I’m grateful for my university in doing everything possible for faculty, staff, and students to connect and succeed in these new and continually changing circumstances of the pandemic:  people working together for one purpose of helping people. — Beth M.

My husband — he was so attentive of my needs (more than ever). He learned more about my condition. I felt he was afraid of losing me. — Denise S.

Very thankful to God. Because despite being a different year and with many challenges, I never gave up and there was always something that gave me a ray of light and hope when I thought I could no longer do it. Although there were periods in which I did not feel good in health, I was able to cope with it and get back to feeling good. — Wigna C.

What are you looking forward to in the new year?

I’m excited about having the energy to dig into health symptoms I haven’t had the energy to pay attention to, because 2020 allowed me to stay home and rest. I have a little more energy to do things I’ve been putting off. I’m really eager to get to the bottom of things and get answers. — Charis H.

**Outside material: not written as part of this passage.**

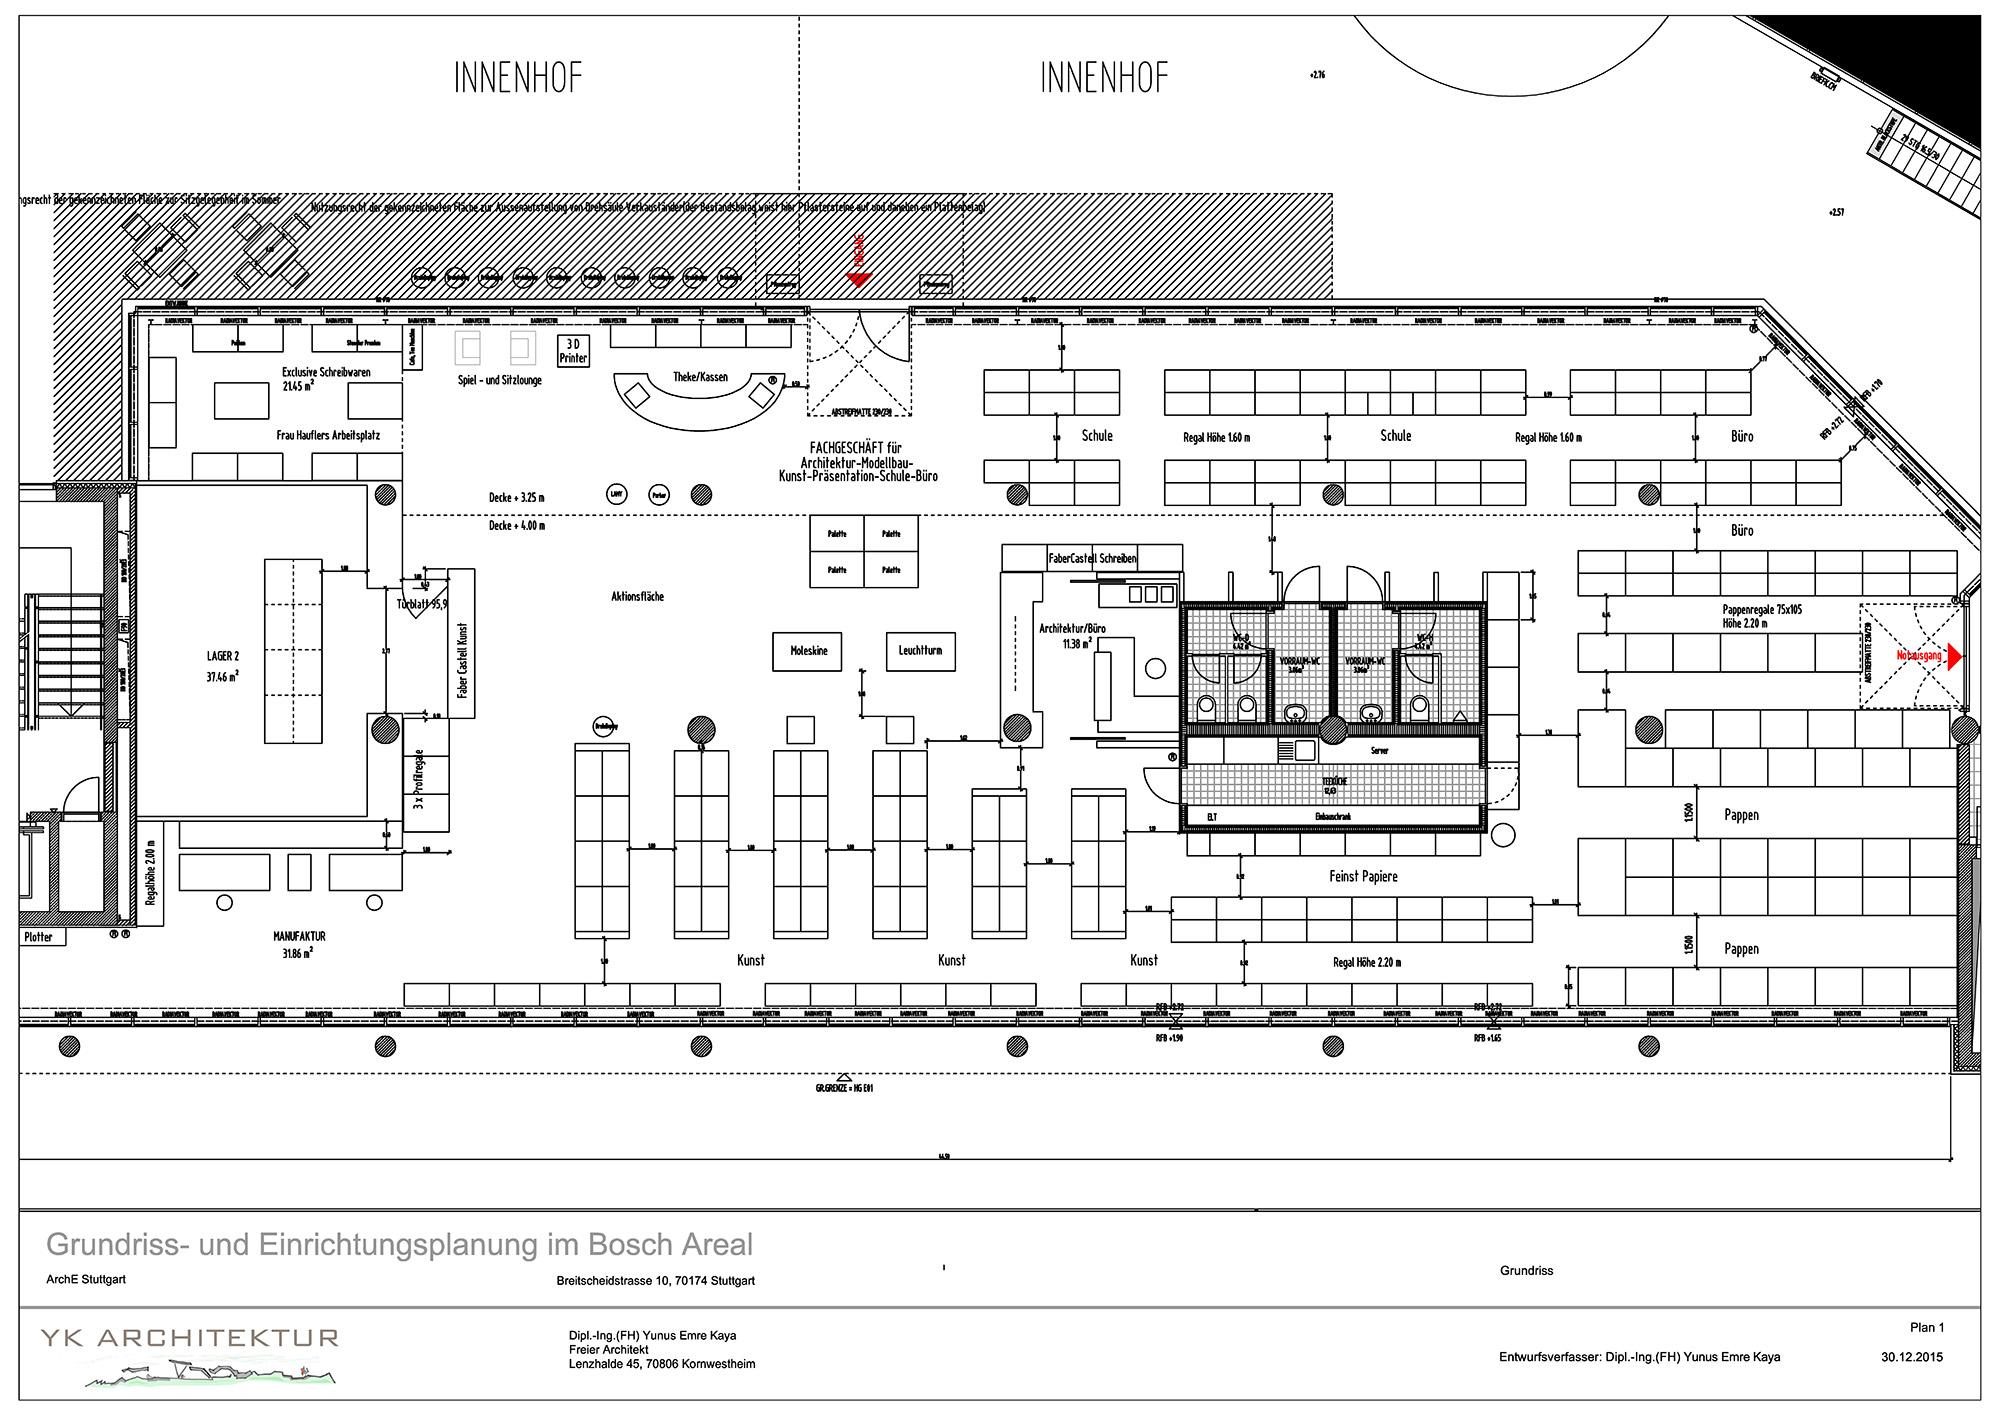 Yk architektur freier architekt yunus emre kaya for Fh stuttgart architektur

In 2021, I’m grateful for a new executive branch for our country. It has been a rough four years and I am grateful to be turning a new, more positive page. — Ashley K.

Sleep and spending time with my husband Alvin of 25 years and our dog Flappy, a beagle who is 2. — Diane T.

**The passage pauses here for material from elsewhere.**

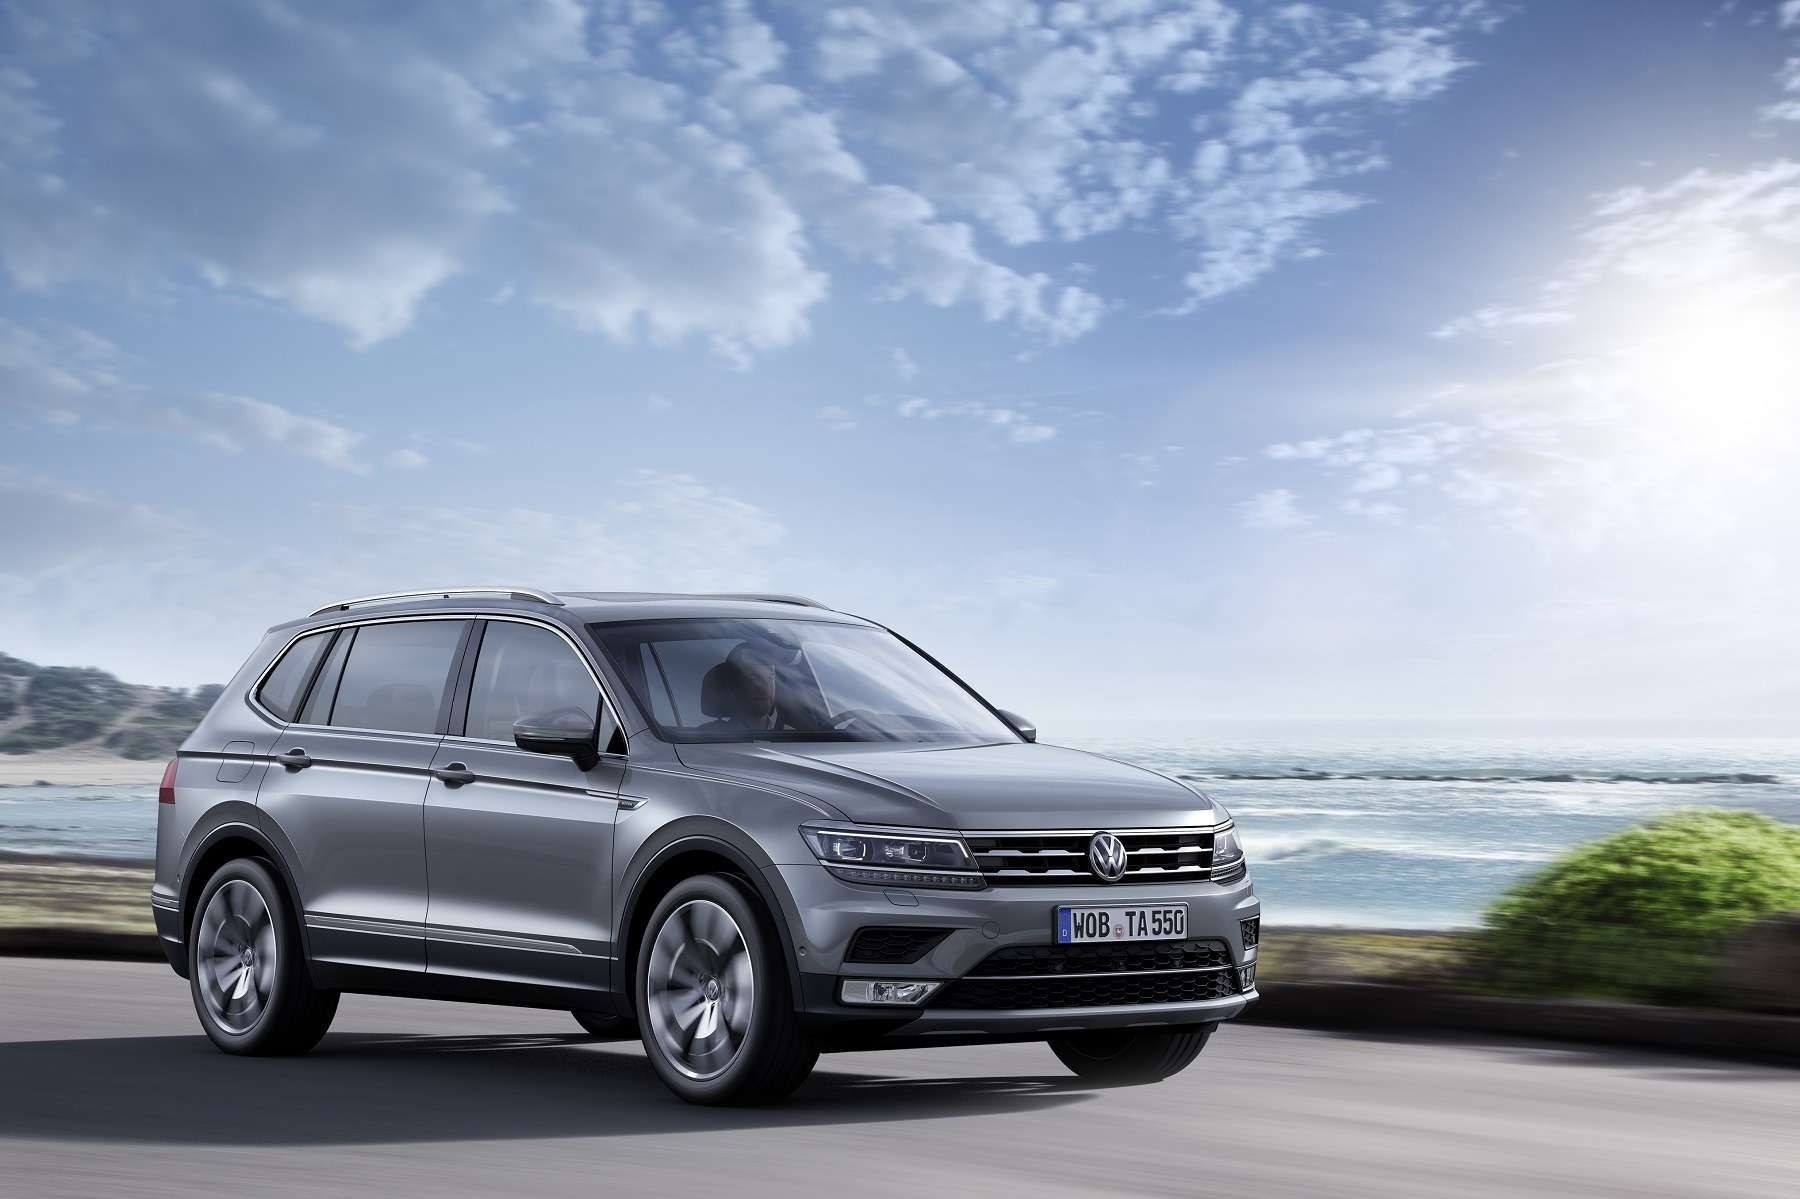 Беззнака равенства: Volkswagen Tiguan Allspace докатился доЕвропы— фото 716728

I’m an extrovert, so I’m looking forward to socializing with my friends.  I’m looking forward to traveling after I’ve been vaccinated. — Frances D.

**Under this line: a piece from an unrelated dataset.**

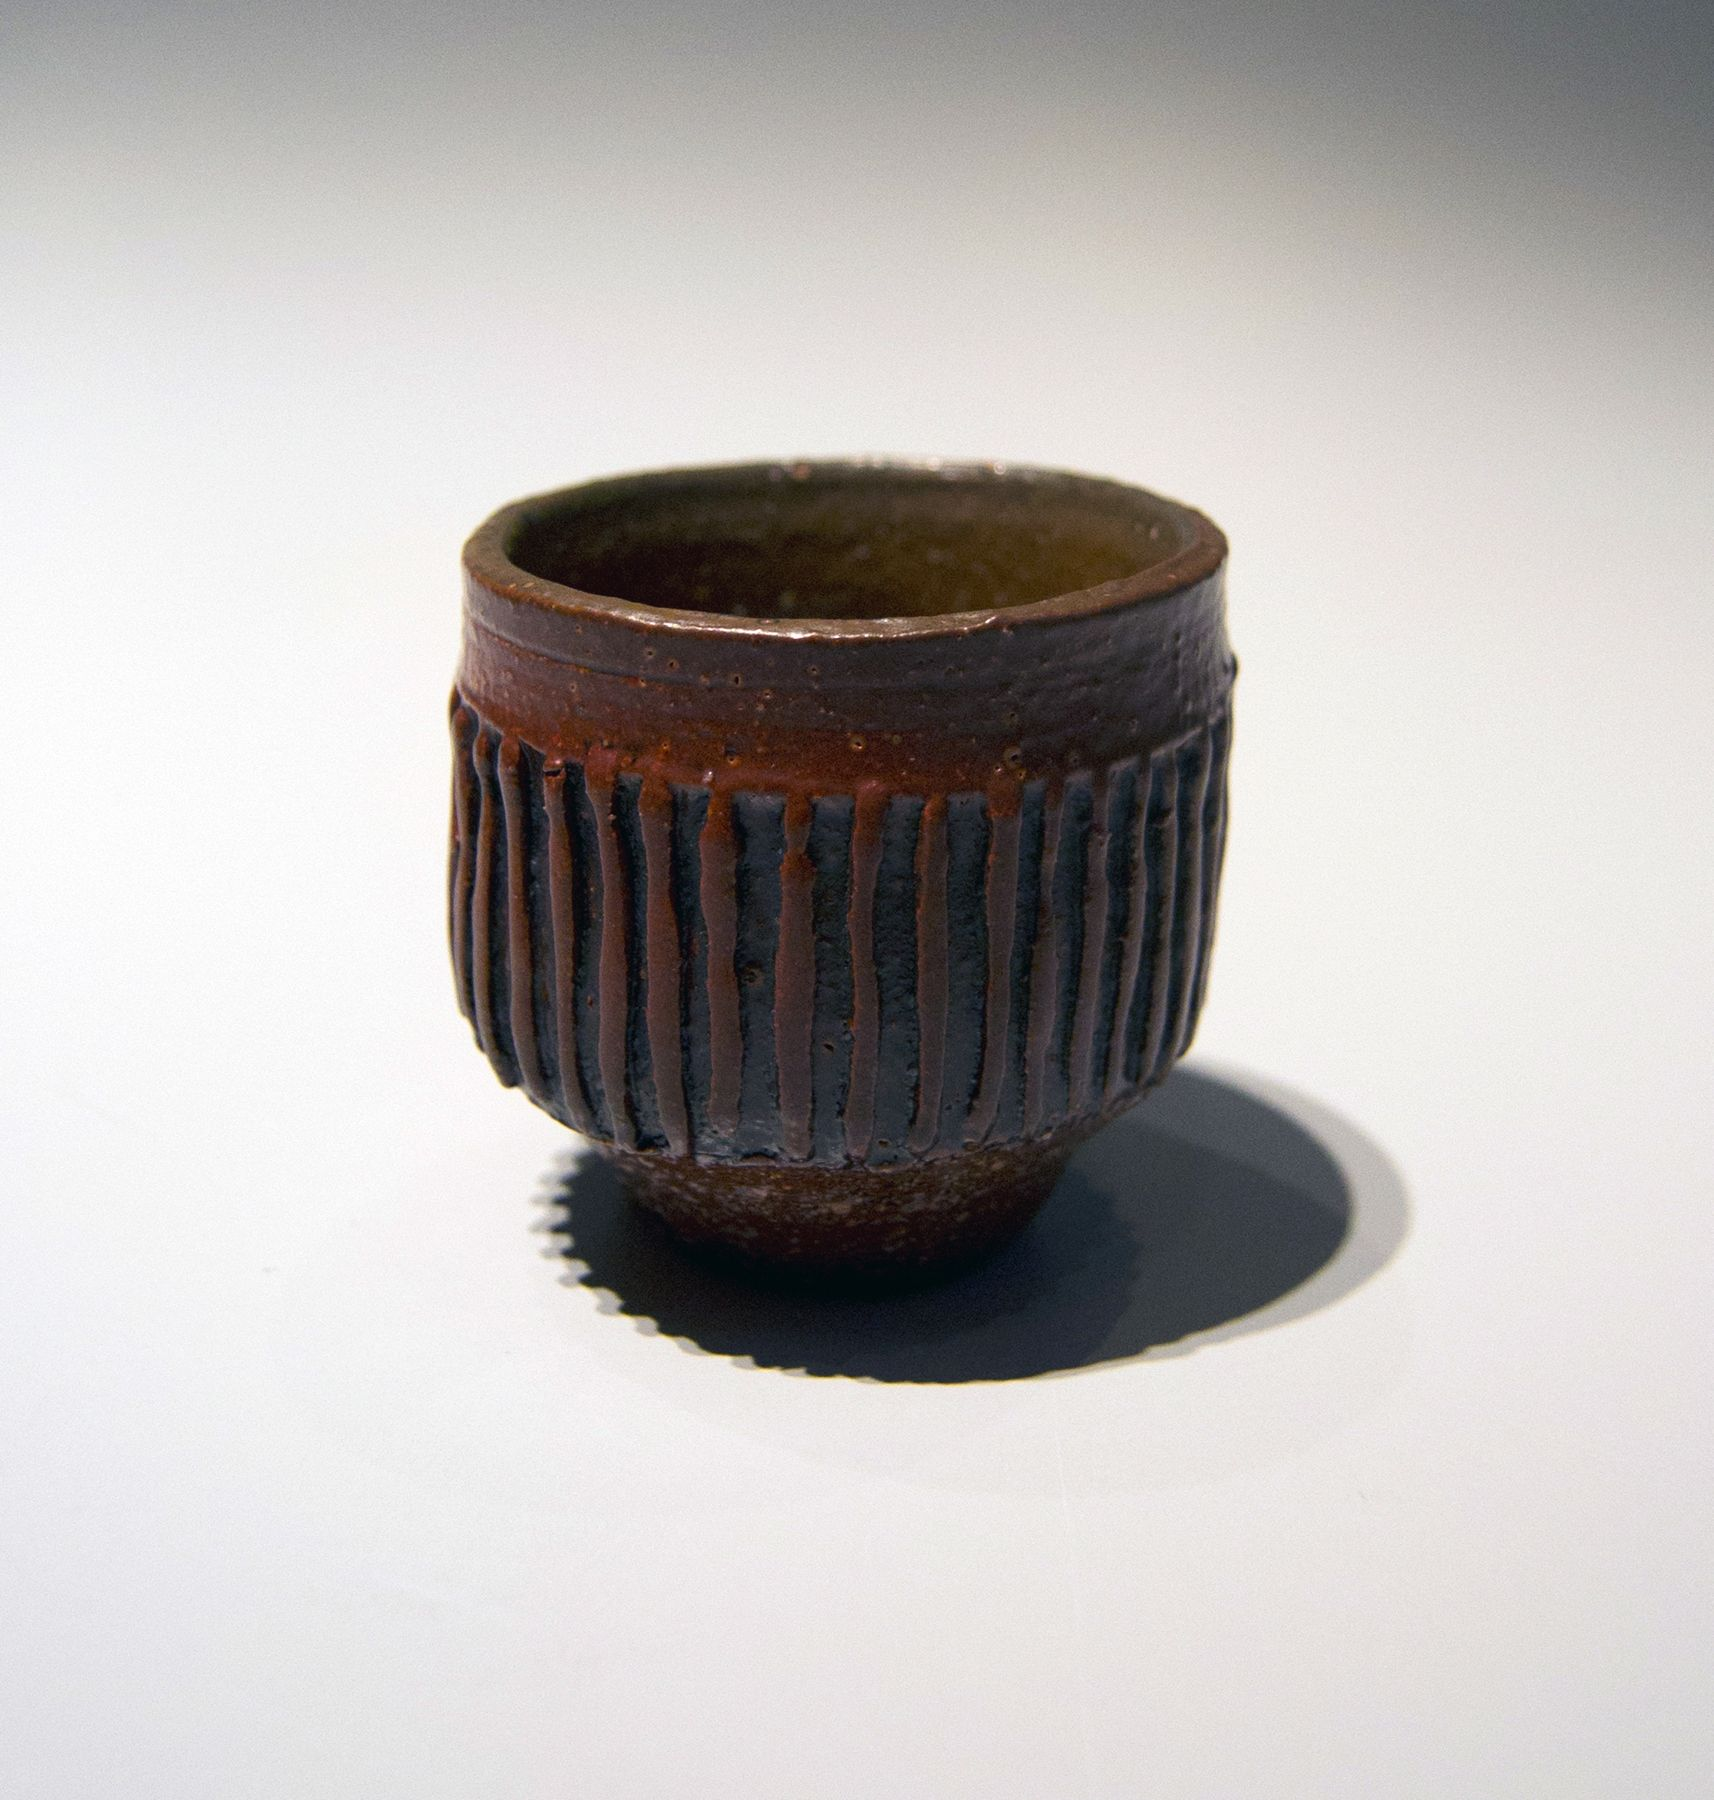 Ichino Masahiko (b. 1961), Small footed sake cup with raised, striped patterning

Hugging my friends and their children. — Brandy H.

In the new year I look forward to more blessings for my family, as well as a new home and a new puppy. — Deige W.

One of my goals for 2021 is to put myself out there more and to share my experiences with the Latino community in Spanish. — Daniel G.

Venturing out in my decked-out SUV for camping trips. — Cynthia A.

Advocating for the National Brain Tumor Society. Looking forward to working with President-Elect Joe Biden’s Administration, as he knows firsthand what it’s like to lose someone to brain cancer. — Brenda K.

I hope to see family and friends without an electronic device involved. — Chantelle M.

I’m looking forward to being a first-time grandmother and (hopefully) book author in 2021. —Beth M.

For COVID to end and to be able to be with the family again, because we learned to value life and family more.  — Denise S.

Being able to be in contact with the people I love and with the people who are important to me, including my friends and my family from this foundation. — Wigna C.